United States District Court, E.D. California

June 21, 2019

ALICIA WAGON in her individual capacity and as conservator for SULLIVAN R. FROM, Plaintiffs,
v.
ROCKLIN UNIFIED SCHOOL DISTRICT, PLACER COUNTY OFFICE OF EDUCATION, DAVID HAWKINS, and DOES 1-30, Defendants.

          ORDER

          Troy L. Nunkgy, United States District Judge.

         This matter is before the Court on Defendants' Rocklin Unified School District, Placer County Office of Education, and David Hawkins' (“Defendants”) Motion to Dismiss. (ECF No. 6.) Plaintiff Alicia Wagon (“Plaintiff”) opposes Defendants' motion. (ECF No. 9.) Defendants filed a reply. (ECF No. 10.) For the reasons below, the Court hereby DENIES Defendants' Motion to Dismiss. (ECF No. 6.)

         I. Factual and Procedural Background[1]

         Plaintiff Alicia Wagon (“Plaintiff”) alleges that Defendant David Hawkins (“Hawkins”), a bus driver for Defendant Rocklin Unified School District (“RUSD”), subjected her son, Sullivan R. From (“S.R.F.”), to repeated verbal, physical, psychological, and emotional abuse. (ECF No. 1 ¶ 15.)

         S.R.F. is a nonverbal individual living with Cerebral Palsy. (ECF No. 1 ¶ 9.) S.R.F. resides within RUSD (ECF No. 1 at 1) and receives special education services through the Placer County Office of Education (“PCOE”) (ECF No. 1 ¶ 10). Pursuant to his Individualized Education Plan (“IEP”) provided by PCOE, S.R.F. received transportation to his placement at Del Oro High School via RUSD's buses on Transportation Route 32. (ECF No. 1 ¶ 12.) School staff were required to assist S.R.F. when ambulating through use of a gait belt to ensure his safety. (ECF No. 1 ¶ 9.) On the bus, the gait belt completely harnessed S.R.F. to his bus seat so that he could not fall or otherwise get out of his seat on his own. (ECF No. 1 ¶ 9.)
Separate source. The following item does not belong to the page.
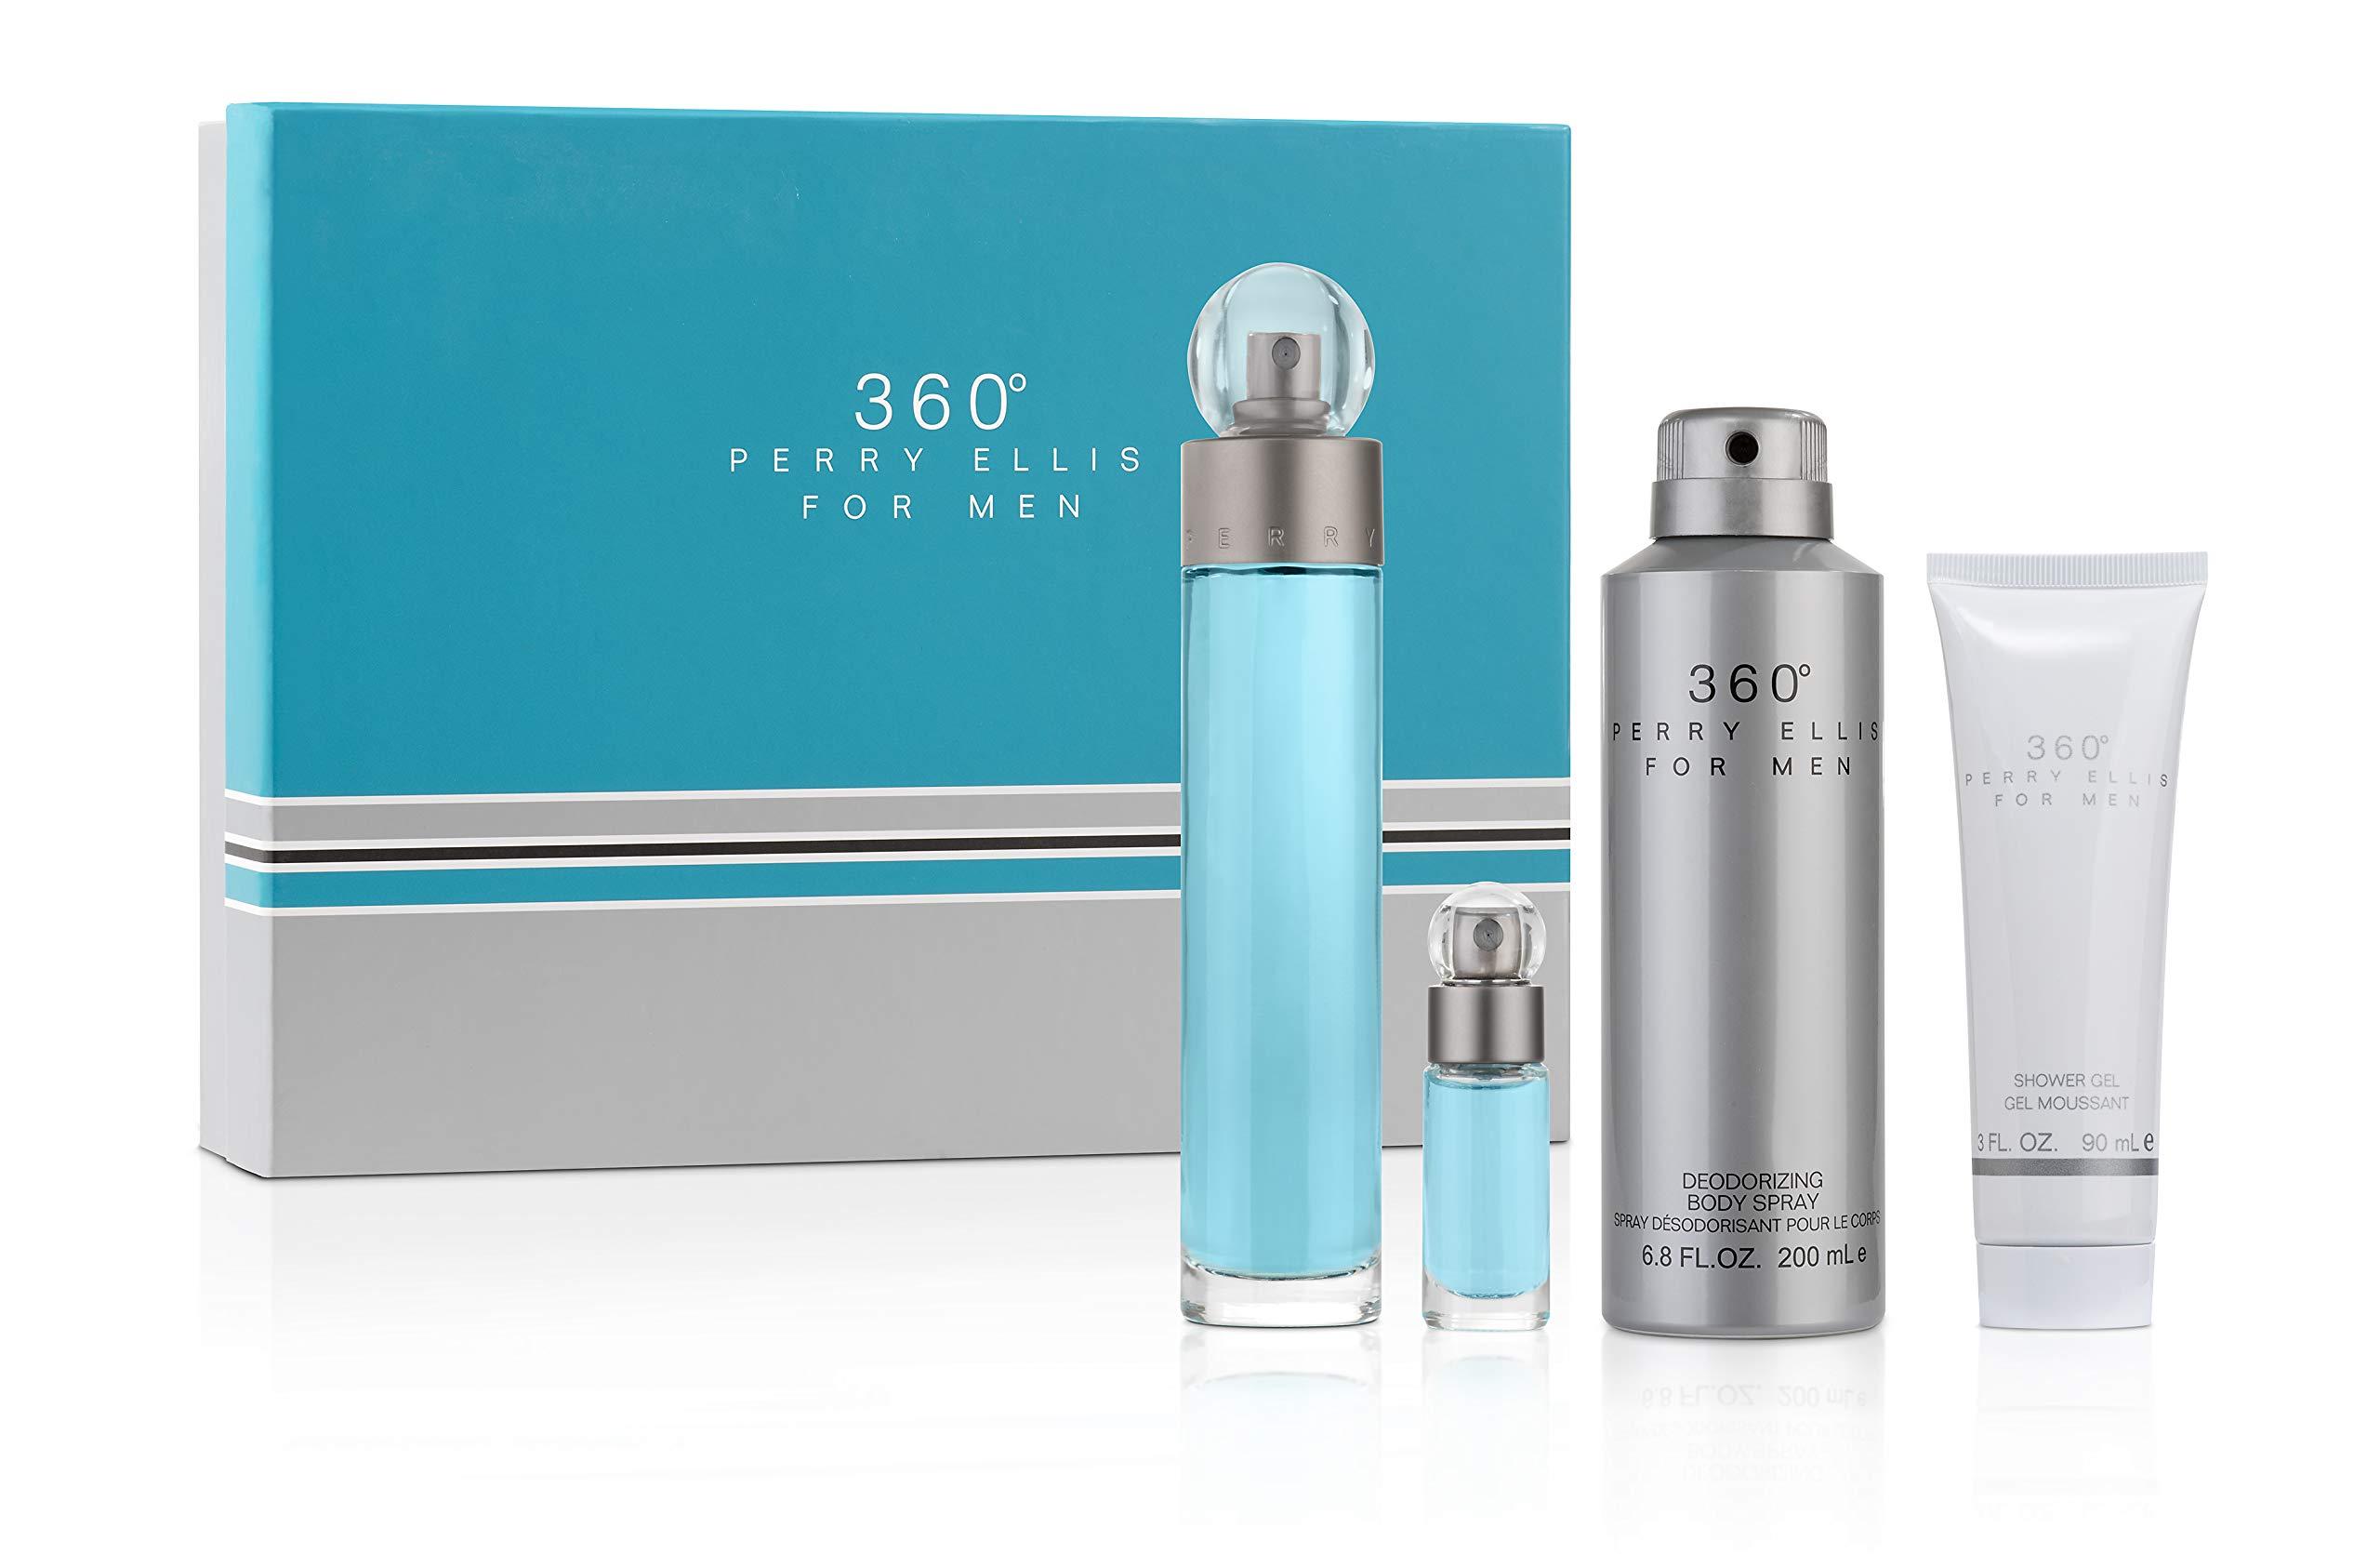 Perry Ellis Fragrances 360 for Men 4-piece Gift Set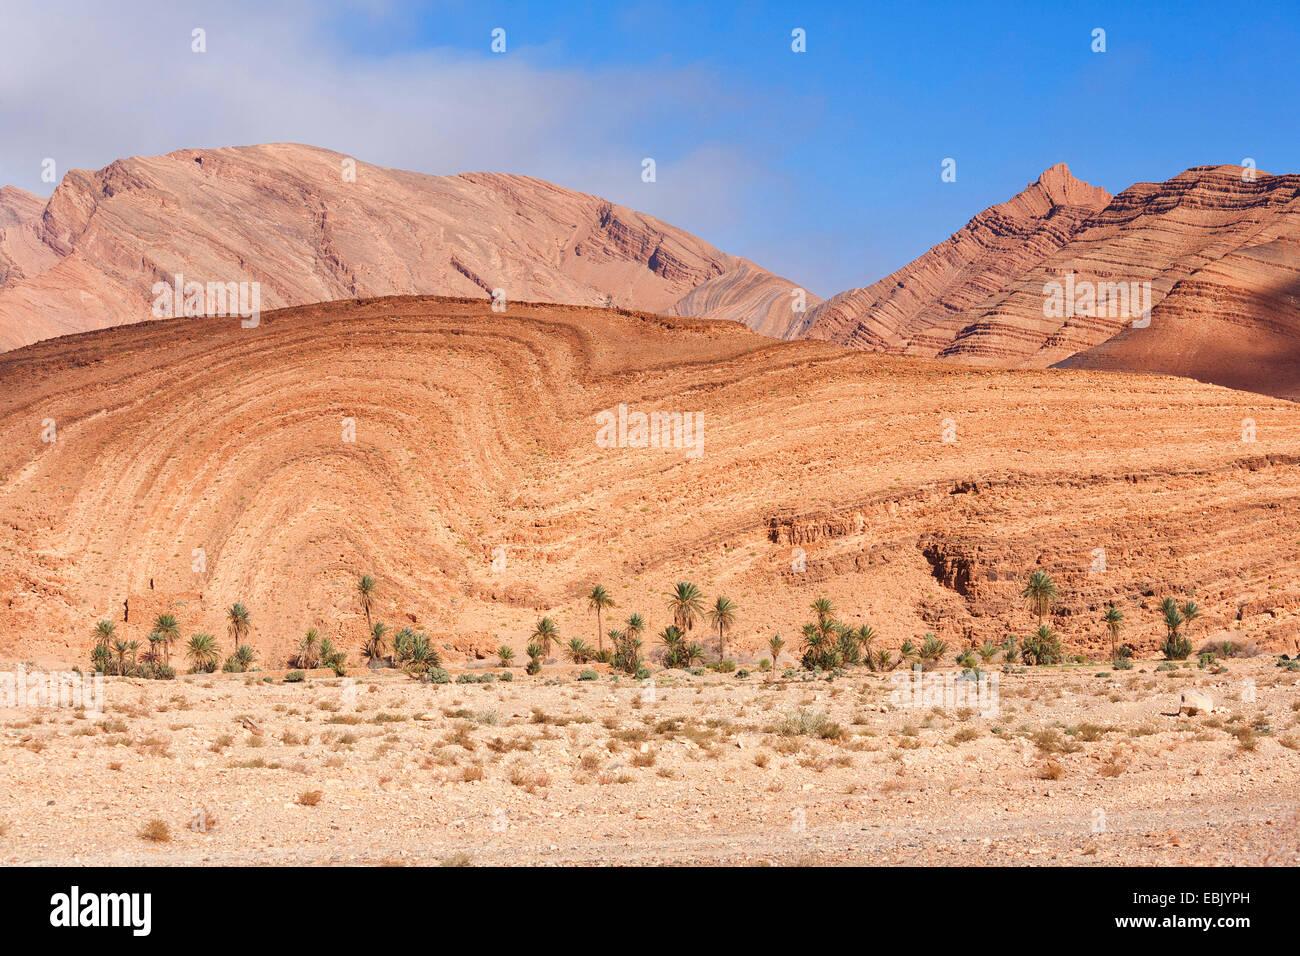 folds at mountain slope near Tata in South Morocco, Morocco, Antiatlas, Tata - Stock Image

         On September 28, 2016, Plaintiff was notified by S.R.F.'s teacher that S.R.F. had a bruise on his thigh. (ECF No. 1 ¶ 11.) Concerned that S.R.F.'s injury occurred while riding the bus, Plaintiff asked to review the recordings from the cameras on the bus from September 26, 27, and 28, 2016. (ECF No. 1 ¶ 14.) Upon viewing the bus recordings at the RUSD Transportation Office, Plaintiff observed several instances of disturbing behavior by Hawkins. (See ECF No. 1 ¶¶ 14, 15.)

         Plaintiff observed Hawkins yell at close range in S.R.F.'s face, make derogatory comments to others about S.R.F. while in his presence, talk about S.R.F. while in his presence as if “he was not a sensitive and perceptive human being”, use inappropriate, degrading, and intimidating voice tones, facial expressions, body language, and gestures toward S.R.F., and, make statements such as: “oh he's a pisser this morning;” “you almost look like you know what you're doing;” “we're not going to be friends anymore if you keep being bad;” “he's a brat;” “quit being such a brat, you know better;” “you're just being a brat;” and “take him please!” (ECF No. 1 ¶ 17.) Plaintiff alleges that Hawkins directed disability-related epithets and derogatory comments toward S.R.F. when he urinated while on the bus, or engaged in repetitive movements or in touching, lifting, or moving items as a result of his disability. (ECF No. 1 ¶ 48.)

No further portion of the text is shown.